GET news_headlines/_search
{
  "query": {
    "simple_query_string" : {
        "query": "\"shape of you\" a song of Ed ",
        "fields": ["headline^2", "short_description"],
    }
  }
} 

How can I apply stop word on the query? I want to filter such words like a and of (the one that is out of double quotes).

The desired query response should be same as such query:

GET news_headlines/_search
{
  "query": {
    "simple_query_string" : {
        "query": "\"shape of you\" song Ed",
        "fields": ["headline^2", "short_description"],
    }
  }
} 

note that the of in the shape of you is still there!

Thanks in advance.

Hi @jahedi

Do you want to apply a stop words filter on the query? Why wouldn't using an analyzer with the stopwords filter work?

How can i use analyzer in this case? Can you help me?
I tried to add a analyzer named custom_english to my index like this:

"analysis": {
          "analyzer": {
            "custom_english": {
              "type": "standard",
              "stopwords": "_english_"
            }
          }
        },

So now the complete settings of this index is like this:

{
  "news_headlines": {
    "settings": {
      "index": {
        "routing": {
          "allocation": {
            "include": {
              "_tier_preference": "data_content"
            }
          }
        },
        "number_of_shards": "1",
        "provided_name": "news_headlines",
        "creation_date": "1720937104190",
        "analysis": {
          "analyzer": {
            "custom_english": {
              "type": "standard",
              "stopwords": "_english_"
            }
          }
        },
        "number_of_replicas": "1",
        "uuid": "_V_MthiiR8-s_Ksor1WqXQ",
        "version": {
          "created": "8503000"
        }
      }
    }
  }
}

After adding the analyzer I tried to query like this:

GET news_headlines/_search
{
  "query": {
    "simple_query_string" : {
        "query": "\"shape of you\" a song of Ed ",
        "fields": ["headline^2", "short_description"],
        "analyzer": "custom_english"
    }
  }
} 

but didin't work. and the of inside the shape of you was eliminated and that is not i want.

The analyzer needs to be applied at index time. Which means it needs to be set when you create the index within the mapping section on each field where you want to use it.

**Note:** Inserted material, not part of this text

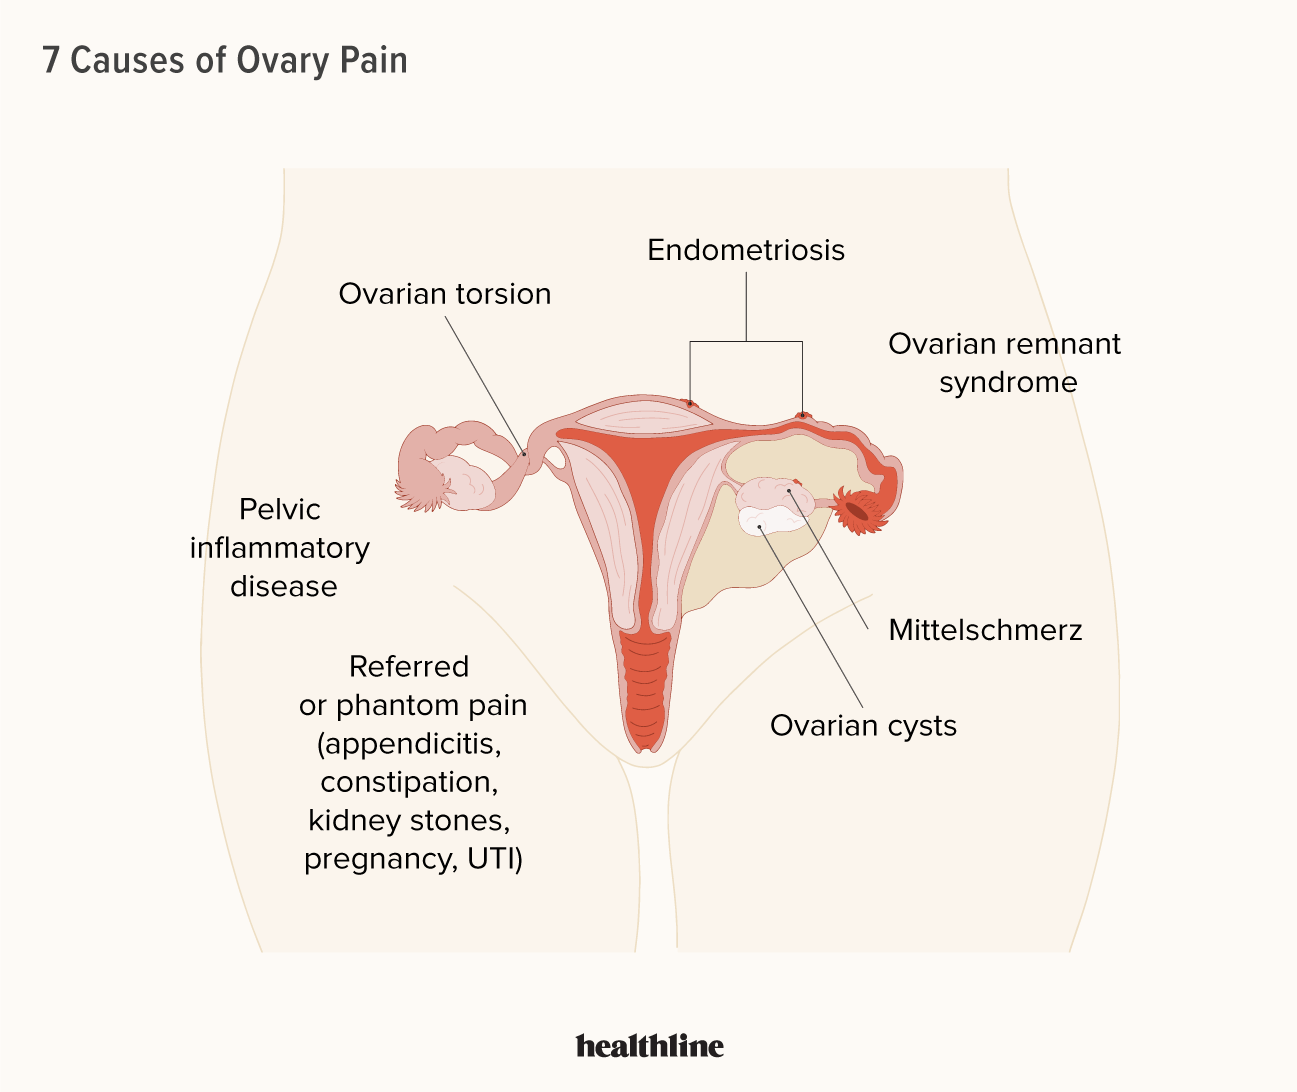 What are the symptoms of an ovarian cyst bursting, and is it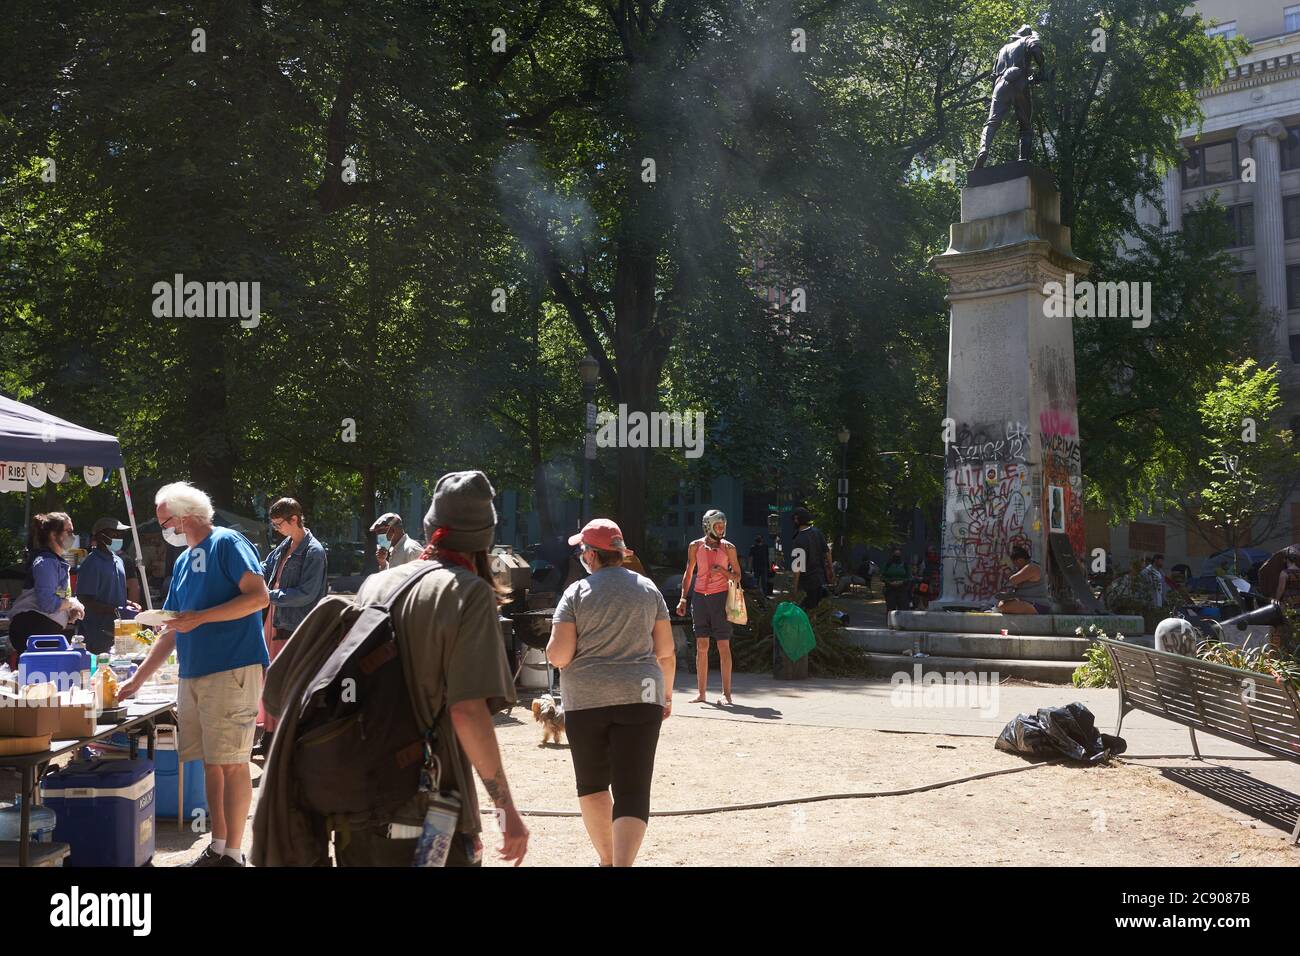 BLM protesters turn the Lownsdale Square, a park adjacent to the federal courthouse in Portland, into their hub amid the ongoing demonstration. Stock Photo

It would be something like this described below. You define the analyzer using stop words and all data will be indexed without stop words in English.
When you run the query, your term will eliminate stop words.
For example, if you search just for "of" you will not have any results because this filter was applied in the indexing.

PUT idx_test
{
  "settings": {
    "analysis": {
      "analyzer": {
        "custom_english": {
          "type": "standard",
          "stopwords": "_english_"
        }
      }
    }
  },
  "mappings": {
    "properties": {
      "headline": {
        "type": "text",
        "analyzer": "custom_english"
      }
    }
  }
}
1 Like

Nice. Thanks a lot. It worked!